For connection wherever
We find ourselves.
I remember looking 
Into the eyes 
Of one of 
These nurses as
She pumped medicine
Into my body-
A three minute journey-

And I saw 
That she was 
Also my dear 
Friend; that her
Eyes were the 
Eyes of everyone 

And, don't get 
Me wrong, Jimmy
Fallon helped me
Laugh and Natalie
Merchant brought me
Peace and inspiration 

And my dear
Matt sitting across 
From me, well, 
He gave me 
Perhaps the ultimate
Gift of stick-
With-it-ness

And the volunteers
In their bright 
Red coats floating
Through the crowded 
Recliners softly offering
Massages and Reiki

Never did I
Decline these opportunities
For human touch
And healing, doing 
My best to 
Open to their 
Love and tenderness

And the woman
And her daughter 
And the man
And his friend 

All there around 
Me.  All there 
In this the
Final sacred drip.  

Friday, January 13, 2017

Through the Feet

I was struggling with something called anticipitory nausea.  Its a thing.  Maybe you have had it.  This is how it rolled out for me: when a thought of the hospital; the infusion room; a smell would come into my mind I would get nauseous.  I knew it had gotten a little out of control when I was driving down a country road and a nurse (with whom I had had such lovely conversations and was so grateful for) came into my head and I thought I was going to vomit out my car window.

So I brought it to my therapist.  (side note: I don't usually give direct instructions, but here is one: never ever feel ashamed to seek out, visit, call a therapist.  For anything.  These people are rare gems.)  After some tears, she invited me to get in touch with the nausea in my body.  At first I resisted, but I knew I wanted to work with this feeling.  I was still in the middle of the forest after all and I wanted to be free of this added burden and, because I could see in technicolor the direct link between the mind and body with this one, I went for it.  So I got in touch.  It began in my belly.  Uppp, then it kind of moved around to my back.  Oh, there is my sacrum.  Feel it there.  She asked me to see if it had any quality or color to it.  All that I could come up with was that it felt like weakness.  Did it move?  It sure did.  Right up into my sternum and into my arms.  Weakness.  Fragility.  Yuck.

And then, and I can't even remember how we got to this, but I thought, "well, I think I can have it travel down my legs instead.  Down my legs and out my feet perhaps."
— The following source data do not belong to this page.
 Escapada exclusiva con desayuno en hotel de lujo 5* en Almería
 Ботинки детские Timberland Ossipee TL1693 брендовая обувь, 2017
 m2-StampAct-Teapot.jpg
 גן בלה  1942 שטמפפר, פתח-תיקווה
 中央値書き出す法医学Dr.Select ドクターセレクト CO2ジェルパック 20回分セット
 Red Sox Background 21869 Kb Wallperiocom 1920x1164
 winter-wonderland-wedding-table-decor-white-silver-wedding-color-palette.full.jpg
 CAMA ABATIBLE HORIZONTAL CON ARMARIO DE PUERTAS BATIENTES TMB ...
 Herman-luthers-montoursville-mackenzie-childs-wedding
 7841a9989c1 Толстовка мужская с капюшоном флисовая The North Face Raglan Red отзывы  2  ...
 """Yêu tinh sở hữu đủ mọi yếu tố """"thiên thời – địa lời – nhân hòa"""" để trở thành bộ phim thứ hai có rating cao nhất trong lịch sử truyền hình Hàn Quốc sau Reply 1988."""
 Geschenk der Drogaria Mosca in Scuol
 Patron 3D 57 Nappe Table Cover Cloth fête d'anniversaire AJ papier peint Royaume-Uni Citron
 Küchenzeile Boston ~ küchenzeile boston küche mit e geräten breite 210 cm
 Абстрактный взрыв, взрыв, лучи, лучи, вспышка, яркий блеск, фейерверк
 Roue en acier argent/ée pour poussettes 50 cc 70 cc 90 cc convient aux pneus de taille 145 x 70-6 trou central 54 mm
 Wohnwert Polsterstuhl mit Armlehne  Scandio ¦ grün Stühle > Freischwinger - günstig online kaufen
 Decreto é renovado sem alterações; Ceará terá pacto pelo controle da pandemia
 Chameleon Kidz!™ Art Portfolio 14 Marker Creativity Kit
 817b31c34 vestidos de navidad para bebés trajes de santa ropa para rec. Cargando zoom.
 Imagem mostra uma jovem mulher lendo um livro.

I could picture myself standing to help with the downward movement.  We both got excited about this and she affirmed that this seemed like a good direction because the legs are strong and have much more muscle to tolerate this kind of feeling.  And for me it felt like the feet were open to having this feeling move right through them and out into the receiving ground.  And the ground, as forgiving and generous and vast as it is, would hardly even notice.

So I left the office lighter and with the hope that comes with revived purpose of practice.  I started visualizing grounding yoga poses and consulted with some yoga friends.  Their language supported my practice which was more often in my mind than on an actual mat.  And, of course, I practiced when the thoughts came.  Thoughts are so sneaky; how you can be at the kitchen sink and although you are smelling lavender dish soap, the thought/smell of rubbing alcohol comes into your mind and BOOM!  But now it was an opportunity to practice.

Then the big day came when I actually had to practice right there at the hospital.  My mantra became: through the feet; through the feet.  I stood instead of sitting in the waiting rooms.  I repeated the mantra.  And I can't tell you that I didn't have any nausea bubble up, but I had the confidence that comes from some sense of control.  I knew that I could redirect the feeling if I needed to and it would pass more quickly.  And oh how grateful I felt for my dear legs and feet.  In some sense, I had become disconnected from these parts of my body through this; so much emphasis on healing my chest and arm.

Through this winding journey of discomfort, I began to link my body back together.